ThermoScan

Scan biomedical publications to retrieve protein thermodynamic data.



Methods


ThermoScan is a semi-automatic method for retrieving protein thermodynamic data from literature. For each article in the PubMed Central (PMC) subset, the method scans the fulltext HTML page and selects all article paragraphs which include significant words regarding protein thermodynamics (Turina et al. Frontiers in Biomedical Sciences, 2021). The significant words belong to the following 4 classes:

  • Thermodynamic Concepts (TC): Important words frequently mentioned in protein thermodynamic studies (two-state, unfolding, denaturant, midpoint, dichroism).

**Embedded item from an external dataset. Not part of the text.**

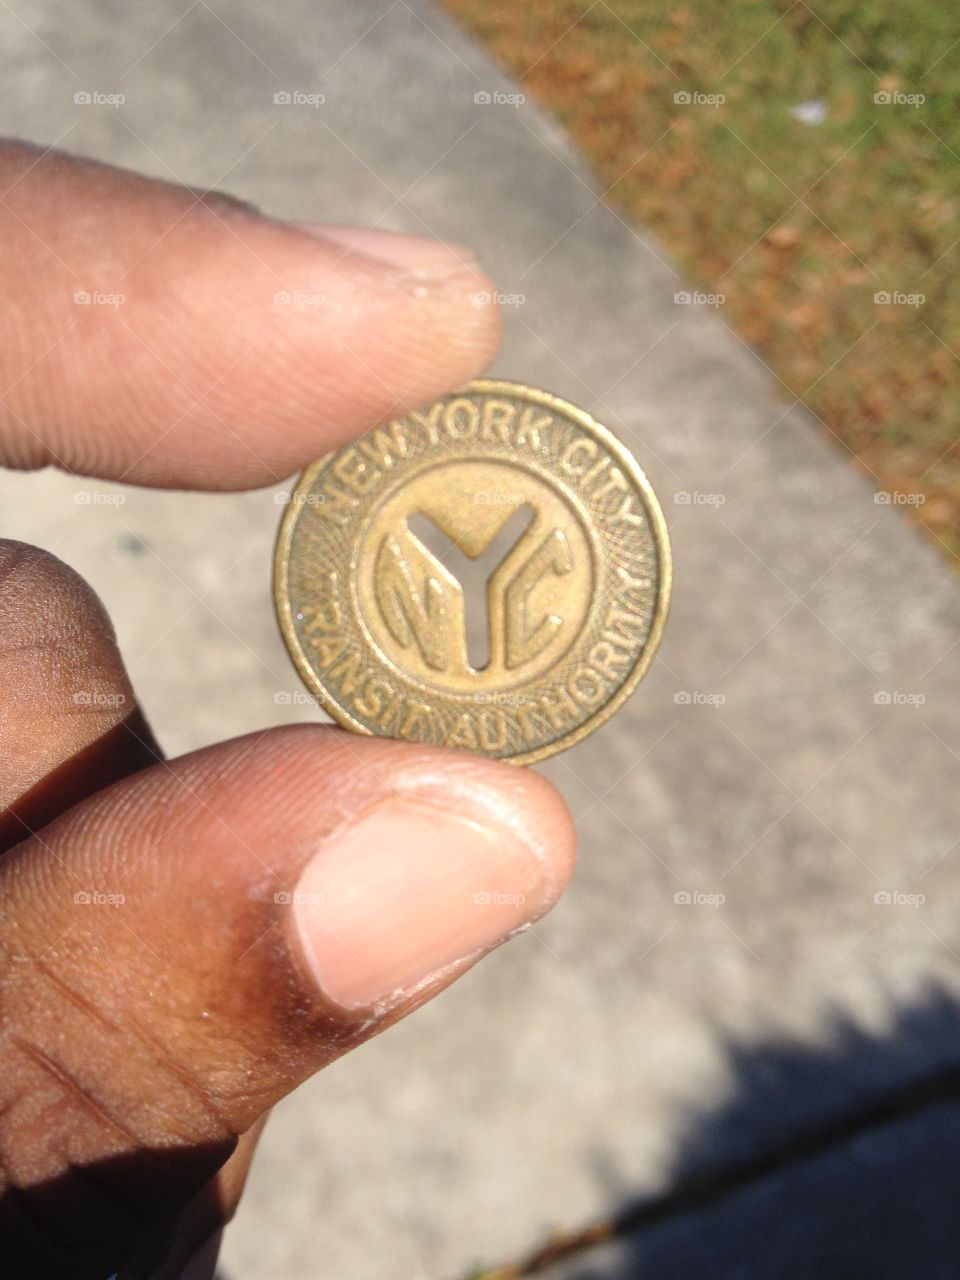 NYC Transportation Coin

  • Thermodynamic Measures (TM): Words are identified by a regular expression matching the abbreviations of the main thermodynamic measures (ΔG, ΔH, Δ Tm, etc.).

  • Units of Measure (UM): Words are identified by a regular expression matching the main units of measure used in thermodynamic experiments (kcal/mol, kJ/mol, etc)

  • Computational Concepts (CC): Words referring to computational studies (simulation, molecular dynamics, force field, predict etc.).

For each scanned article ThermoScan calculates an empirical score based on the words from those 4 classes, returning the total and paragraph/table scores. The paragraph/table scores are calculated for each paragraph and table found in the paper. A positive partial score is assigned to items of the first 3-word classes a negative one to the 4th class (computational concepts).


Data Processing

ThermoScan processes the fulltext article in HTML format using the BeautifulSoup parser. The HTML file is parsed and the text inside the paragraph (<p>) and table (<table>) tags is extracted. The text corresponding to each tag is searched for each of the Thermodynamic Concepts reported above. If one of the 5 words (two-state, unfolding, denaturant, midpoint, dichroism) is found, the significant terms are extracted using the 4 following regular expressions:

TC: u'(?:\W|^)(two-state|unfolding|denaturant|midpoint|dichroism)'

  •  TM: u'(?:\W|^)((?:(?:\u2206|\u0394){1,2}(?:Cp|Tm|UG|GU|G|H|T))|(?:Cp|Tm)

  •  UM: u'(?:(?:(?:kcal|kj)(?:\/mole?(?:\/[\u00b0|\u00b4]C)?|[\s\*\.\u00b7\u22c5]?(?:mole?[\-\u2212]1)|\/M\/mol|\/\(mol\s[MK]\)|\s[MK][\-\u2212]1)?)|(?:[\u00b0|\u00b4]C))'

  •  CC: u'(?:\W|^)(md simulation|simulation|molecular dynamics|force field|charmm|gromacs|amber|PBSA|GBSA|predict)'
         


Score Details

The score is calculated summing all found matches excluding the repetitions as follows:


   •  two-state = unfolding = denaturant = midpoint = dichroism = 1

   •  Cp = Tm = 1 - ΔX = 2 - ΔΔX = 3  (X = Cp, Tm, UG, GU, G, H, T, U).

   •  °C = 1 - E/C = 2  (E = kcal, kJ - C = mol, mole, mole/°C, mol/°C, mol/K, mol/M)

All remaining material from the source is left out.